The adorable curly-haired child we contemplate here on Mary’s lap confirms this interpretation. He himself holds on his little knees a heavy volume of the Bible which is opened to the Book of Sirach the Wise (formerly known as Ecclesiasticus). He points out to his Mother verse 9 (14, in the Vulgate) of chapter 24, which places these words in the mouth of Wisdom:
Ab initio et ante saecula creata sum
Et usque ad futurum saeculum non desinam.
Which can be translated as:
From the beginning and before the ages I was created,
And I shall never cease to be, eternally.
With a tender gaze, the Child-God indicates his Mother as the realization of this figure. How can we tell? Because the artist has inscribed the above verse in magisterial letters on the fold of Mary’s mantle.* And it is indeed Mary that the Fathers of the Church, as well as liturgical tradition, recognize as the eternal Wisdom referred to in chapter 24 of the Book of Sirach.
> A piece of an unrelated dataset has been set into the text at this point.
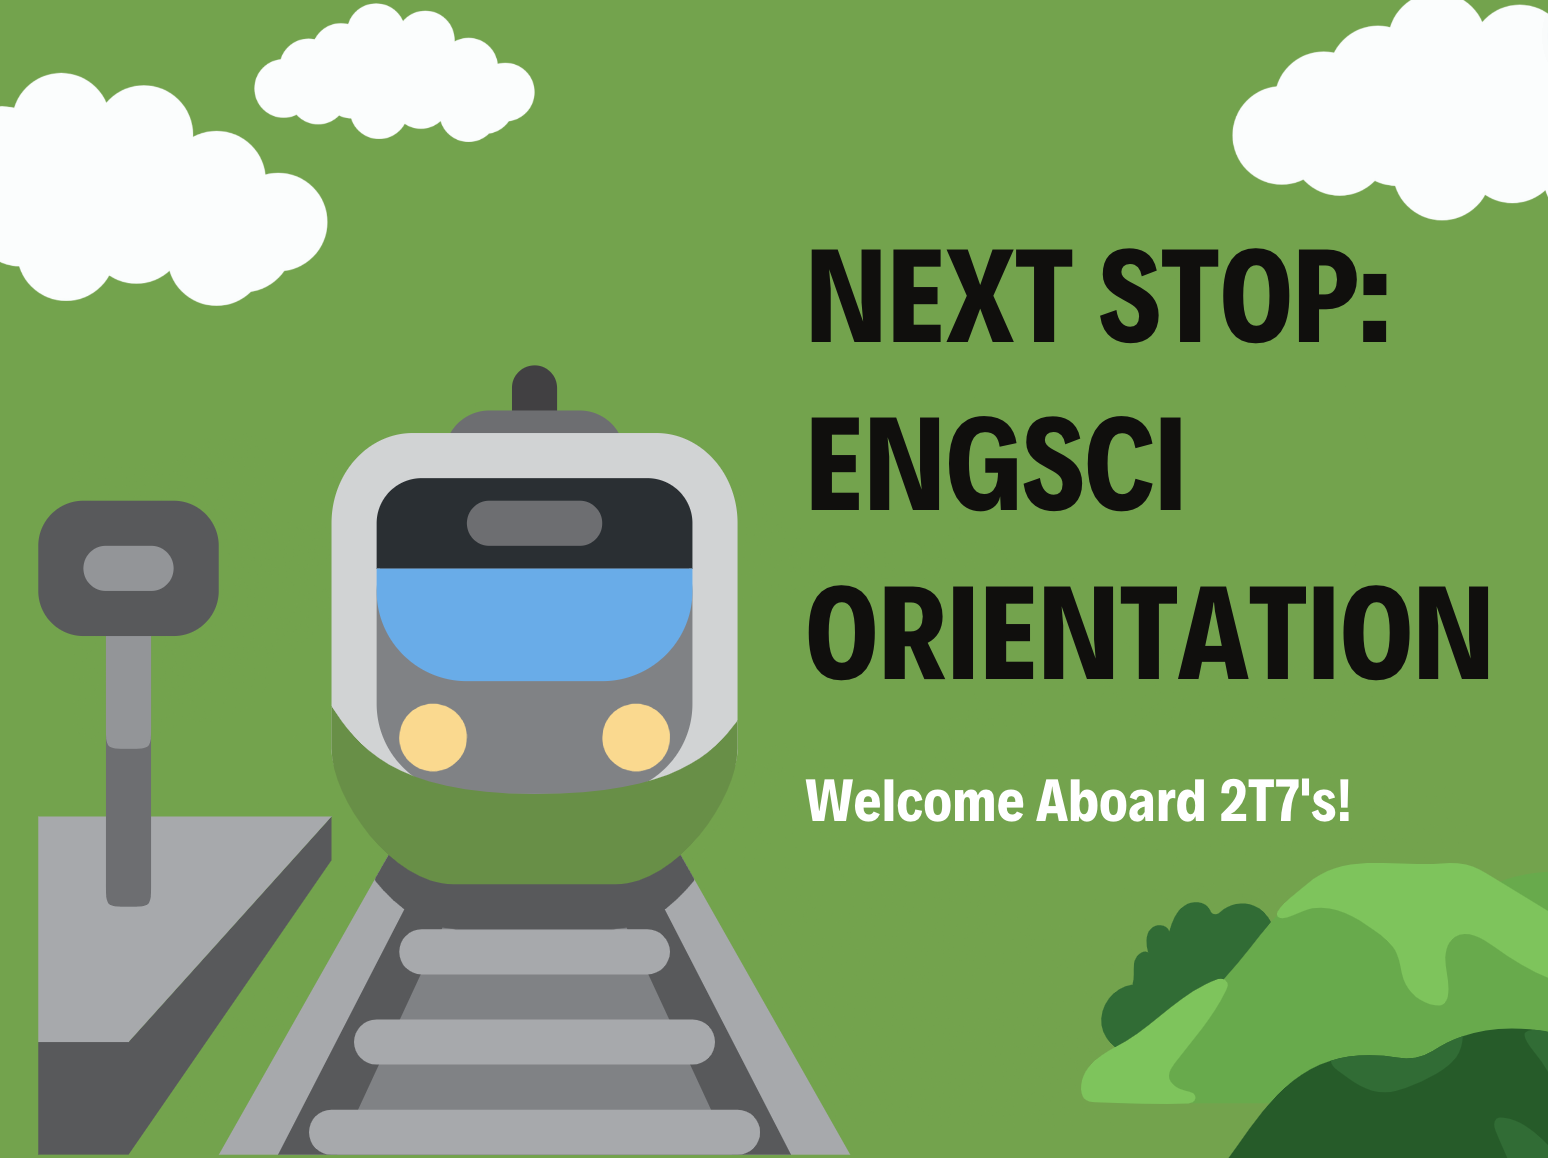 Title: EngSci Summer Orientation Program Welcome Graphic
Description: An image representation of the EngSci Summer Orientation Program, featuring a train making a station stop representing the start of the EngSci Orientation Program.

As early as the 7th century, this text was chosen as the first reading for Masses on feasts of the Virgin Mary. And still today, it is this same chapter 24 that is claimed, among others, as the scriptural basis for the definition of the dogmas of the Immaculate Conception and the Assumption. Let us pause a moment to meditate on its prophecies:
Wisdom sings her own praises and is honored in God,
before her own people she proclaims her glory;…
“From the mouth of the Most High I came forth
and mistlike covered the earth….
Then the Creator of all gave me his command,
and he who formed me chose the spot for my tent,
Saying, ‘In Jacob make your dwelling,
in Israel your inheritance
and among my chosen put down your roots.’
Before all ages, in the beginning he created me,
and through all ages I shall not cease to be.
I am the mother of fair love, and of fear,
and of knowledge, and of holy hope.
In me is all grace of the way and of the truth.”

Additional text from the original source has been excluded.